» What the task asks
Once the line containing "No Reserve - Rolex" is found in the entries below, restate it and each following line word for word, stopping after the line containing "Teenage Mutant Ninja".

*** Opening Extracted records ***

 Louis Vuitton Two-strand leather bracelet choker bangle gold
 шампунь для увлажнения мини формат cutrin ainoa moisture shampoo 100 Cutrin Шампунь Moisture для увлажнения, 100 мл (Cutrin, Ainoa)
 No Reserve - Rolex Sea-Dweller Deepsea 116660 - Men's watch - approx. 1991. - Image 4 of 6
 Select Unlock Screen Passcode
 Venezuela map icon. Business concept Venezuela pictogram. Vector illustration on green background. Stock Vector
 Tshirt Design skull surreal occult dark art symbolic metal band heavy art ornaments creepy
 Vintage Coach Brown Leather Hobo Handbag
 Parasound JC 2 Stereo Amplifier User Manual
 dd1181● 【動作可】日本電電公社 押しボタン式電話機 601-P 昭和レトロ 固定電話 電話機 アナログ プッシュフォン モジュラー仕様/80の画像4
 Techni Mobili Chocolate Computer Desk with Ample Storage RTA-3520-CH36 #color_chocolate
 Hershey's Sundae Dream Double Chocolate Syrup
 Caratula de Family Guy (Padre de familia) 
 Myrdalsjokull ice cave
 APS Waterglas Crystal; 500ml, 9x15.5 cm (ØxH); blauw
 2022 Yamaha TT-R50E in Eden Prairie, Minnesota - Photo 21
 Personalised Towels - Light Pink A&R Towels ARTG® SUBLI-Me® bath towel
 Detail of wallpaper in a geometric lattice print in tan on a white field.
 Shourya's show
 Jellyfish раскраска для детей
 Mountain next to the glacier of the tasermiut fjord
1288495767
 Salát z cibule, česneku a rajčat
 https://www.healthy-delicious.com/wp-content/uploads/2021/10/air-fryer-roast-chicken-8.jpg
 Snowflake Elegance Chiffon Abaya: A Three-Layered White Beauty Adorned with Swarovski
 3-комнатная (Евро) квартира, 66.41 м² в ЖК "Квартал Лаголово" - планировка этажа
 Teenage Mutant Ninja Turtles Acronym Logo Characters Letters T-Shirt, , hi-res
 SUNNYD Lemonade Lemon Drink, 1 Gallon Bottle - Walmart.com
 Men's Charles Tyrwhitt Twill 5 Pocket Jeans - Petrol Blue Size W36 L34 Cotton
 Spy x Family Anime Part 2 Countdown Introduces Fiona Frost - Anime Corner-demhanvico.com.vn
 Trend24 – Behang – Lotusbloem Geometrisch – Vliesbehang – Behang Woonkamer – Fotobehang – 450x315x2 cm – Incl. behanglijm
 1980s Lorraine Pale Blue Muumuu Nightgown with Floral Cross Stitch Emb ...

*** Closing Extracted records ***

» Output of the task
 No Reserve - Rolex Sea-Dweller Deepsea 116660 - Men's watch - approx. 1991. - Image 4 of 6
 Select Unlock Screen Passcode
 Venezuela map icon. Business concept Venezuela pictogram. Vector illustration on green background. Stock Vector
 Tshirt Design skull surreal occult dark art symbolic metal band heavy art ornaments creepy
 Vintage Coach Brown Leather Hobo Handbag
 Parasound JC 2 Stereo Amplifier User Manual
 dd1181● 【動作可】日本電電公社 押しボタン式電話機 601-P 昭和レトロ 固定電話 電話機 アナログ プッシュフォン モジュラー仕様/80の画像4
 Techni Mobili Chocolate Computer Desk with Ample Storage RTA-3520-CH36 #color_chocolate
 Hershey's Sundae Dream Double Chocolate Syrup
 Caratula de Family Guy (Padre de familia) 
 Myrdalsjokull ice cave
 APS Waterglas Crystal; 500ml, 9x15.5 cm (ØxH); blauw
 2022 Yamaha TT-R50E in Eden Prairie, Minnesota - Photo 21
 Personalised Towels - Light Pink A&R Towels ARTG® SUBLI-Me® bath towel
 Detail of wallpaper in a geometric lattice print in tan on a white field.
 Shourya's show
 Jellyfish раскраска для детей
 Mountain next to the glacier of the tasermiut fjord
1288495767
 Salát z cibule, česneku a rajčat
 https://www.healthy-delicious.com/wp-content/uploads/2021/10/air-fryer-roast-chicken-8.jpg
 Snowflake Elegance Chiffon Abaya: A Three-Layered White Beauty Adorned with Swarovski
 3-комнатная (Евро) квартира, 66.41 м² в ЖК "Квартал Лаголово" - планировка этажа
 Teenage Mutant Ninja Turtles Acronym Logo Characters Letters T-Shirt, , hi-res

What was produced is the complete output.